Senza numeri – Ma l’ accoglienza è stata glaciale. «Aspettiamo la bozza di legge di Stabilità ma a prima vista i piani di bilancio italiani non sembrano compatibili con le regole del Patto», ha detto seccato il vicepresidente della Commissione, Valdis Dombrovskis. «Siamo preoccupati», gli ha fatto eco il presidente dell’ Eurogruppo, Mario Centeno, «ma ci servono cifre e numeri». Già, i numeri. Per tentare di frenare il dilagante malcontento, Tria ha fatto sapere che sarebbe rientrato frettolosamente a Roma per scriverli. Anche a costo di perdere l’ Ecofin di oggi, il vertice dei ministri economici della Ue in cui, stando agli annunci dei leader di governo in Italia, il titolare di via XX Settembre avrebbe dovuto mostrare i muscoli.
È difficile ricordare a memoria un ministro che fugge dall’ Eurogruppo. Restare lì a Lussemburgo, d’ altra parte, non aveva più molto senso. Nel corso della riunione, quando Le Maire ha chiesto di affrontare il caso Italia, non all’ ordine del giorno, Tria non ha potuto fare altro che informare i colleghi che i negoziati sul Def sono ancora in corso. Un siparietto che, stando a quanto riferito da Moscovici, alla fine ha addirittura suscitato «molte simpatie» verso il ministro. Per non perdere del tutto la faccia, prima di togliere anticipatamente le tende, Tria ha annunciato due incontri bilaterali con Moscovici e Dombrovskis.
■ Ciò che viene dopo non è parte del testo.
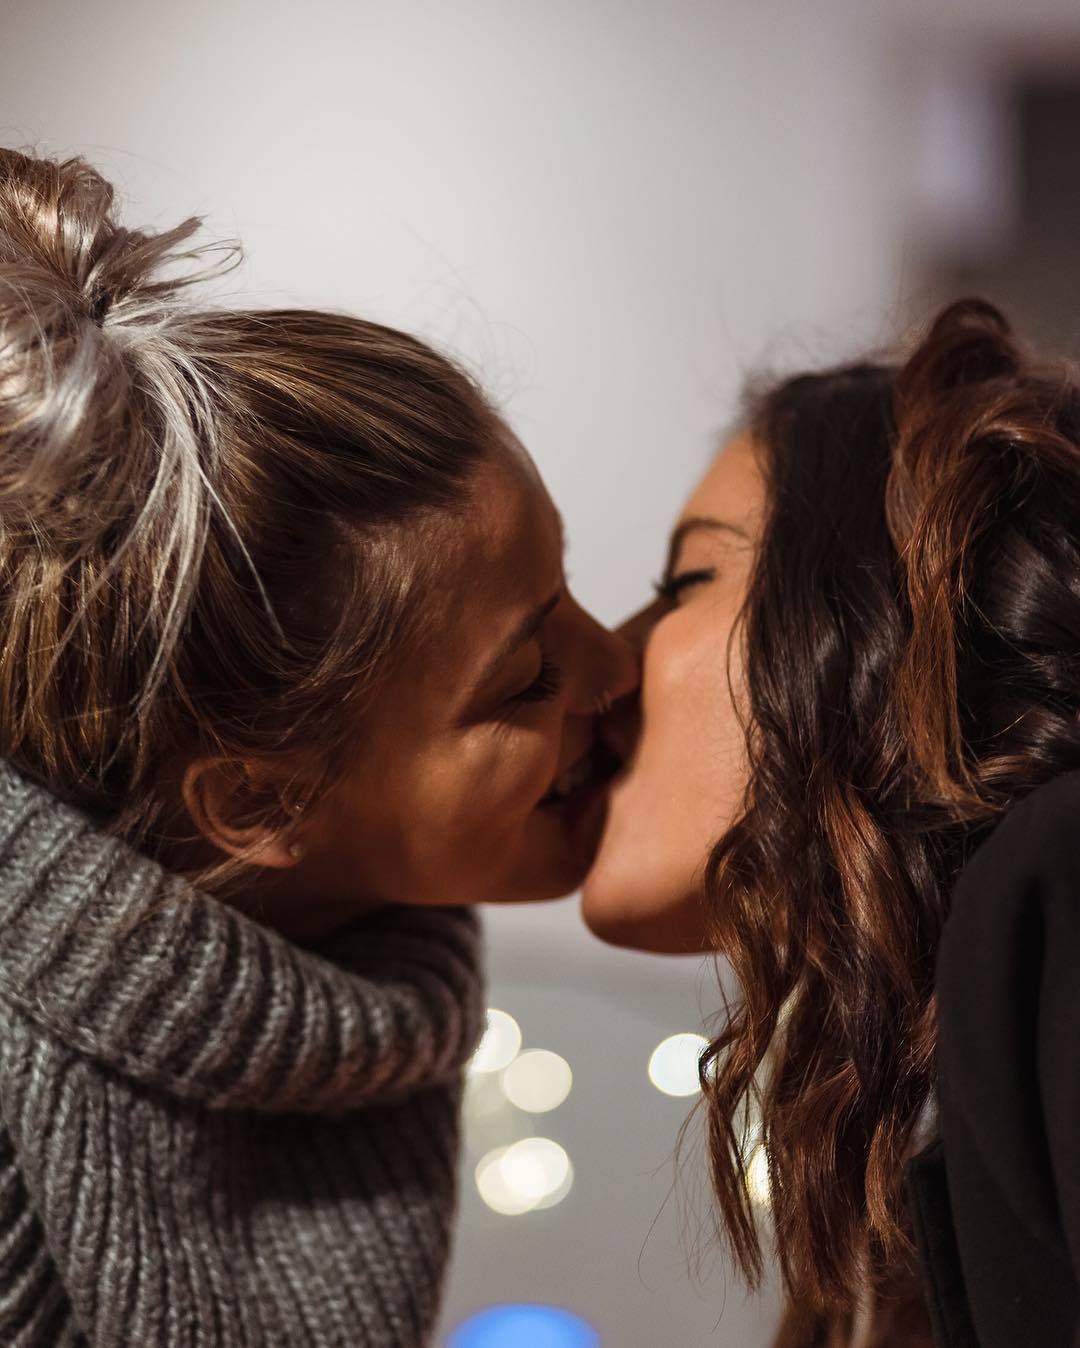 6 lesbian. Любовь двух женщин. Поцелуй девушек. Девушки целуются. Красивый поцелуй двух девушек.

Molto rigidi – La voce che si è sentita in serata, però, è stata quella di Jean Claude Juncker. E non c’ è più traccia di comprensione umana. «Se l’ Italia vuole un ulteriore trattamento speciale», ha detto il presidente della Commissione Ue, «ciò significherebbe la fine dell’ euro. Quindi bisogna essere molto rigidi».
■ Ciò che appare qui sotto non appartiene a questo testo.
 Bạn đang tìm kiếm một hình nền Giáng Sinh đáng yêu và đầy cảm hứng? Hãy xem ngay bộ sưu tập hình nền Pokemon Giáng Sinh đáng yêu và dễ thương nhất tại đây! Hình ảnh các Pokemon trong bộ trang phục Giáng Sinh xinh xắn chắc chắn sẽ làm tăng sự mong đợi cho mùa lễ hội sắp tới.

Esaurite le poche cartucce a sua disposizione, Tria si è congedato dicendo di essere «molto occupato» e pronunciando frasi dalla scarsa comprensibilità: «Questa manovra è di crescita, se vinciamo la scommessa della crescita tutto va bene, sennò cambieremo manovra come sempre bisogna fare». Quanto a Juncker, ha replicato il ministro, «non ci sarà alcuna fine dell’ euro. Non ho parlato con lui, sarà una sua opinione». Nel frattempo, nella Capitale, Conte ha spiegato a Sergio Mattarella che il deficit al 2,4% non è in discussione. Di Tria, fanno sapere da Palazzo Chigi, non si è parlato.